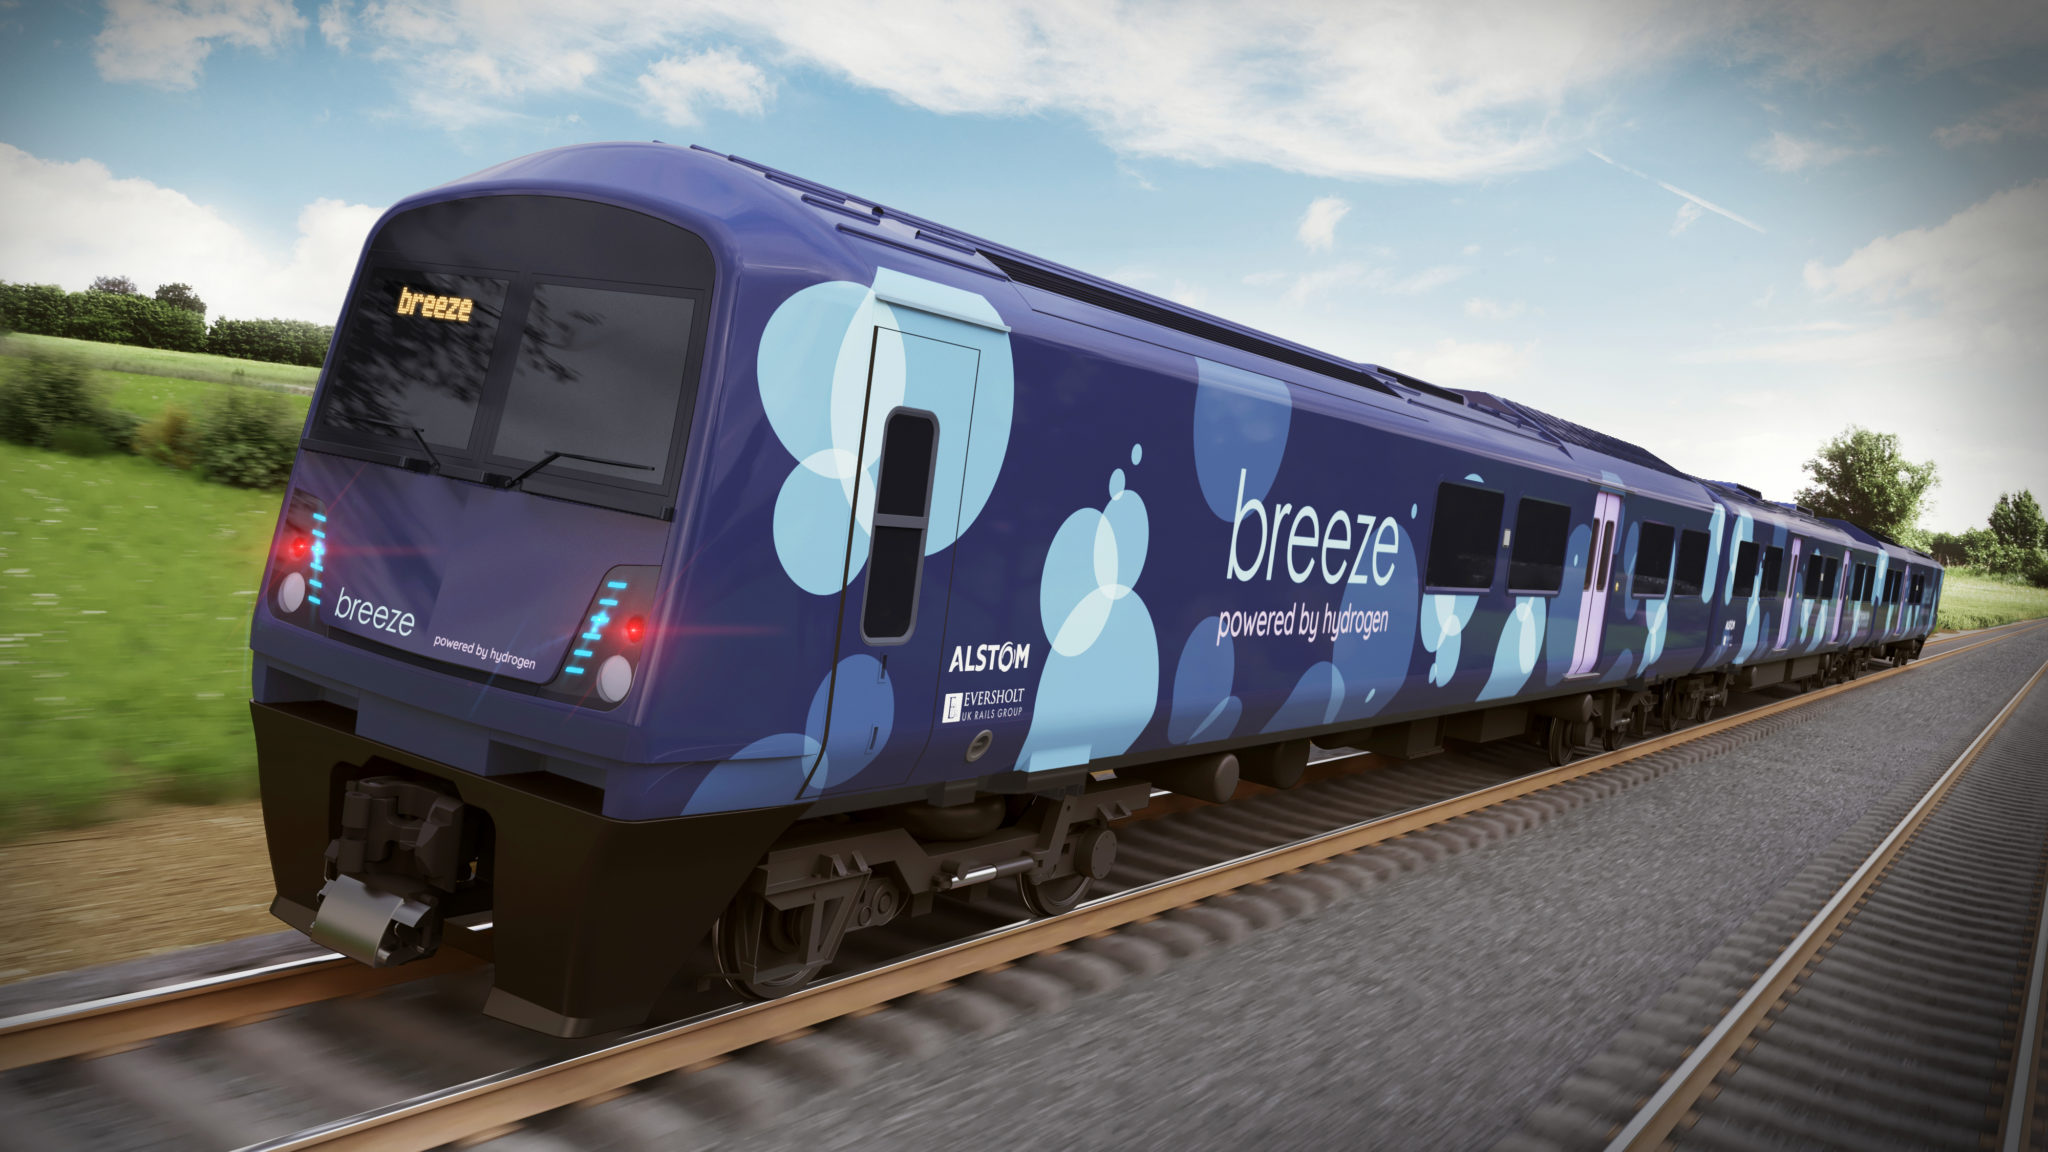 Alstom's new hydrogen train design - the Breeze train
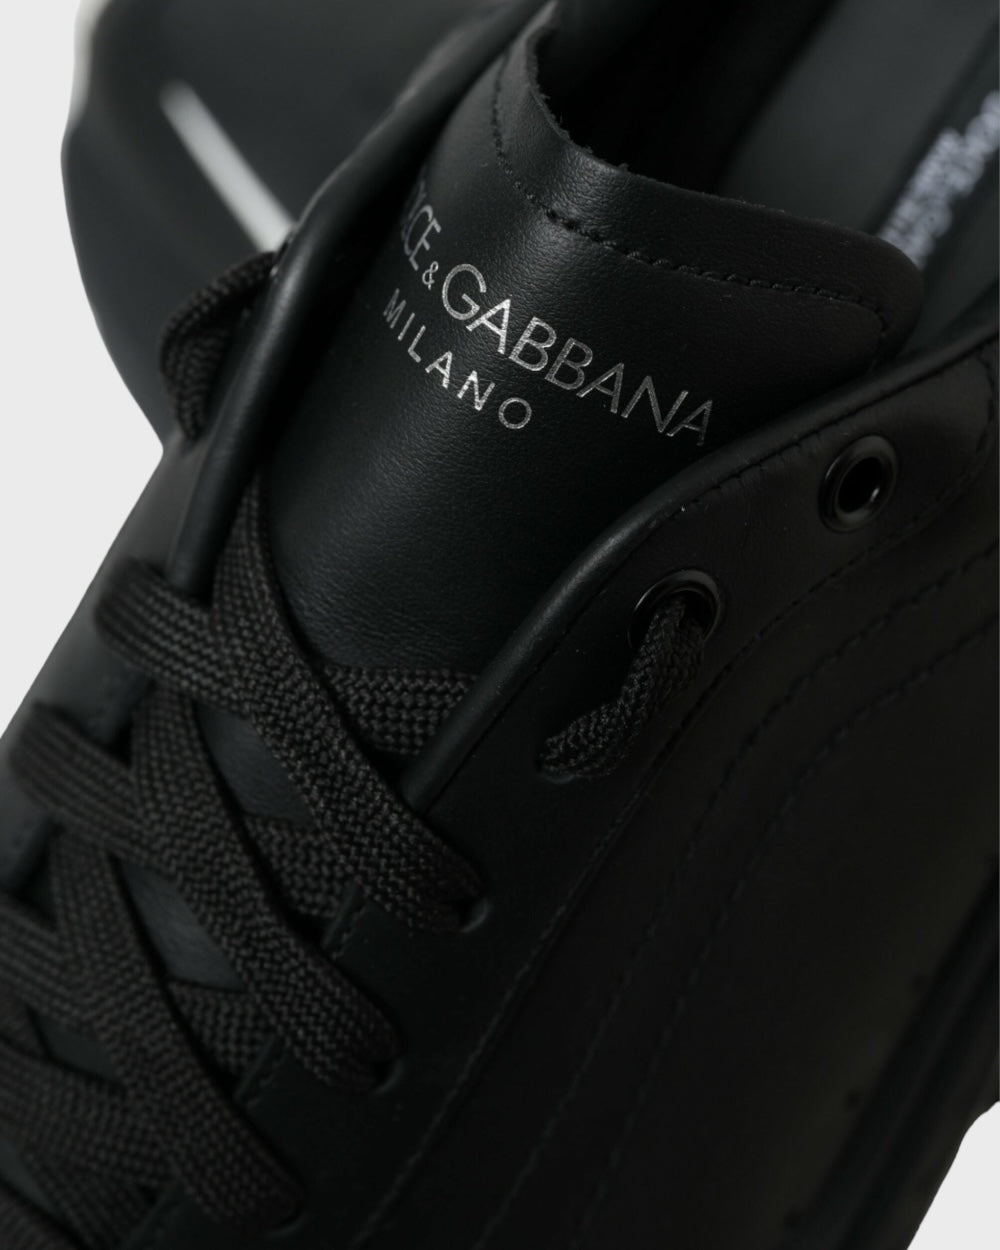 Dolce & Gabbana | Daymaster Elevated Zwart Sneakers
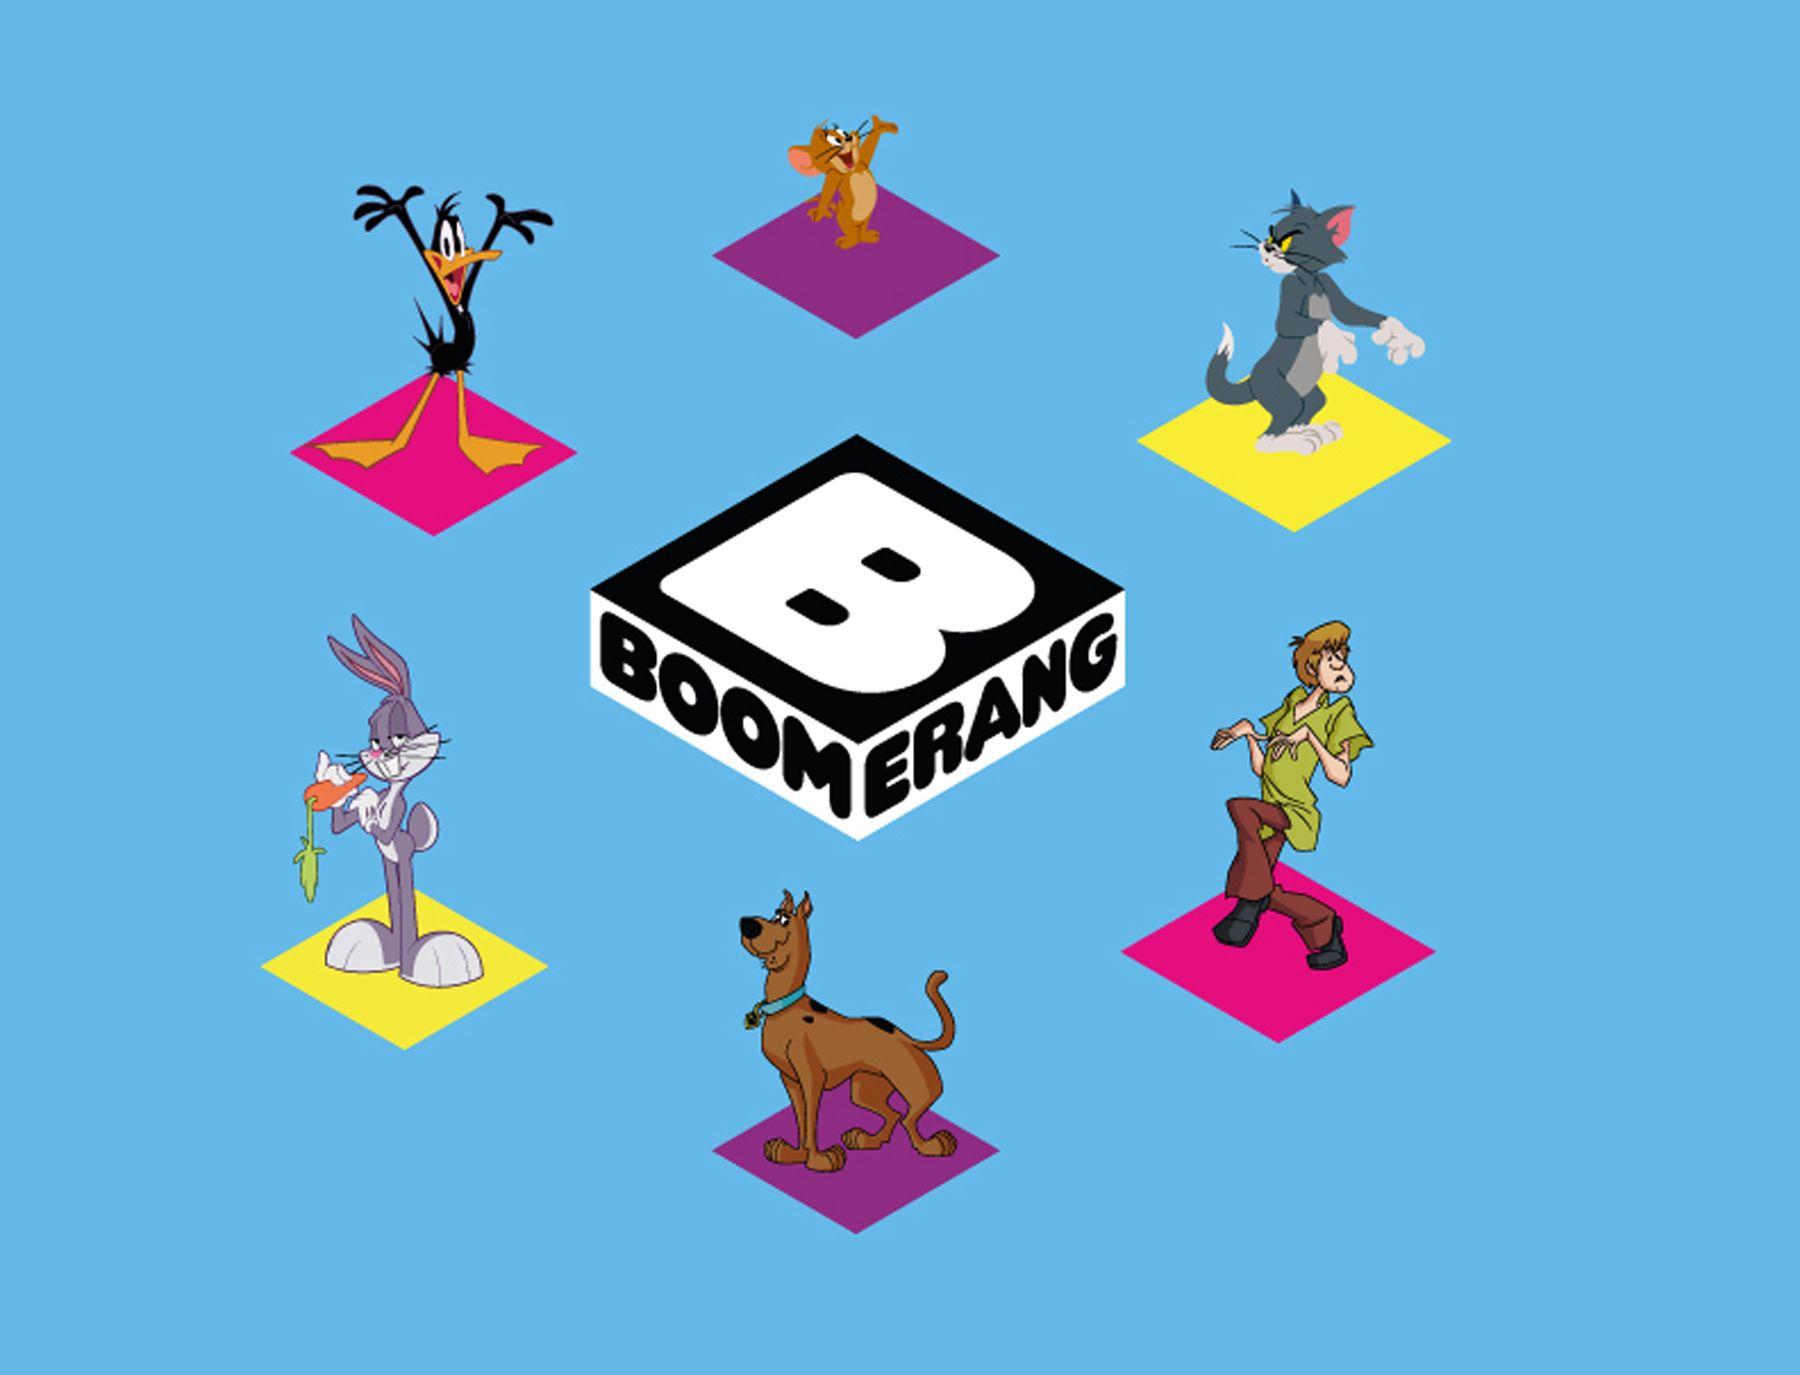 Boomerang Cartoon Network UK Logo - Kidscreen » Archive » Boomerang lands in Korean market
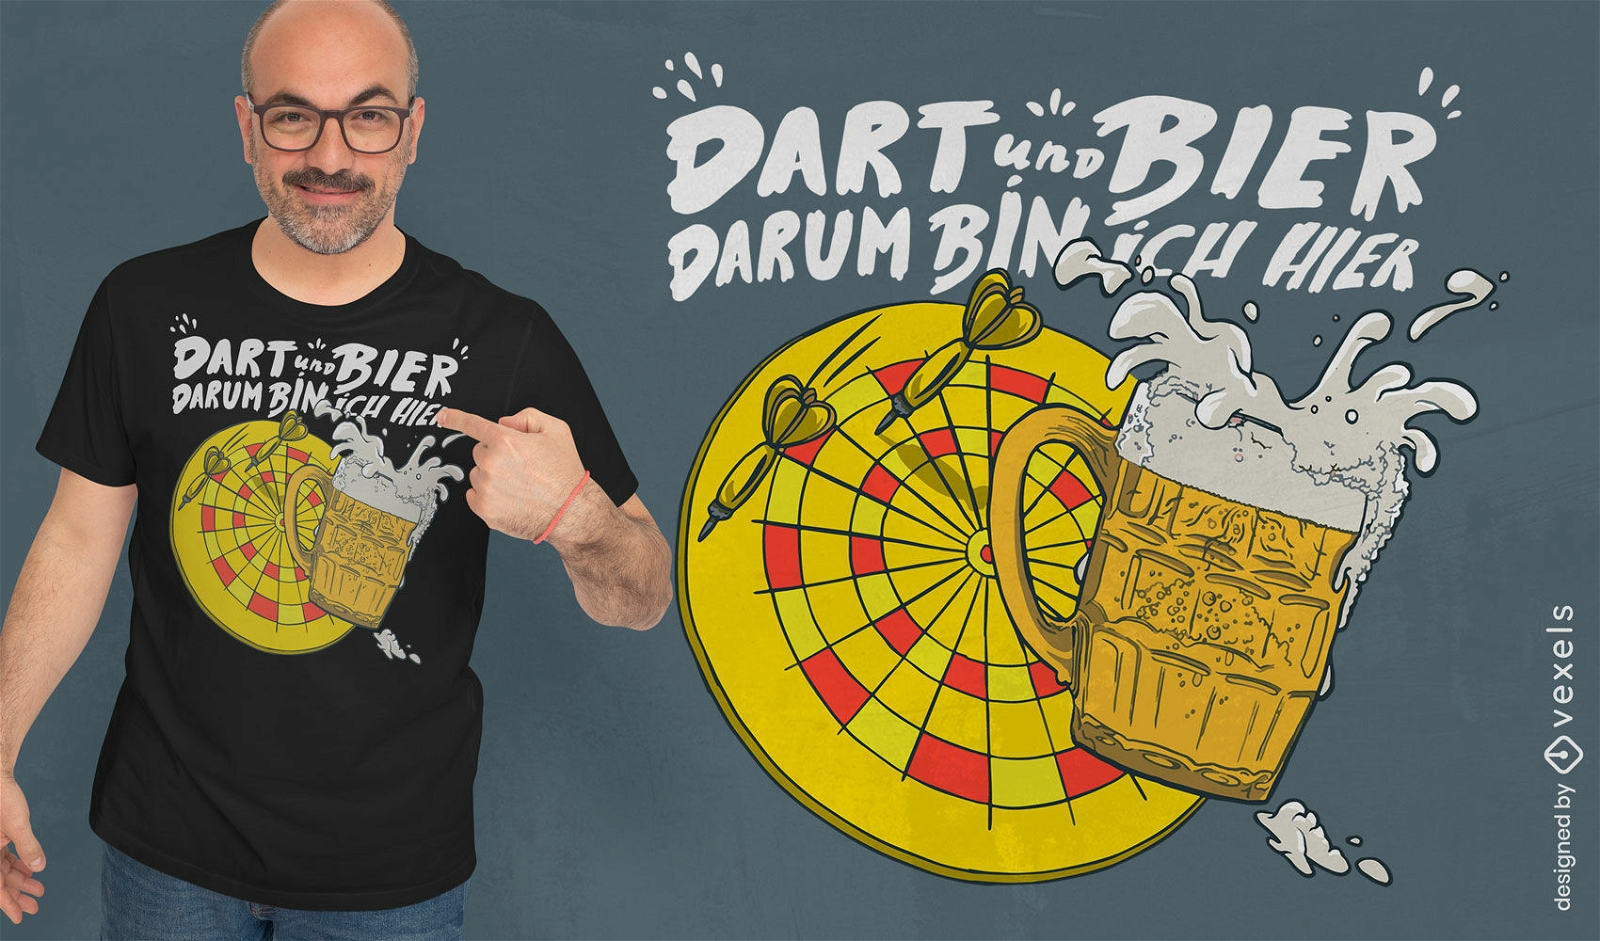 Darts and beer t-shirt design

__________________________________________________

▶ _Exercise prompt_:
Could you print the data exactly as it appears and keep the pictures out?

▶ _Answer to this exercise_:
 Alstom's new hydrogen train design - the Breeze train
 Dolce & Gabbana | Daymaster Elevated Zwart Sneakers
 Boomerang Cartoon Network UK Logo - Kidscreen » Archive » Boomerang lands in Korean market
 Darts and beer t-shirt design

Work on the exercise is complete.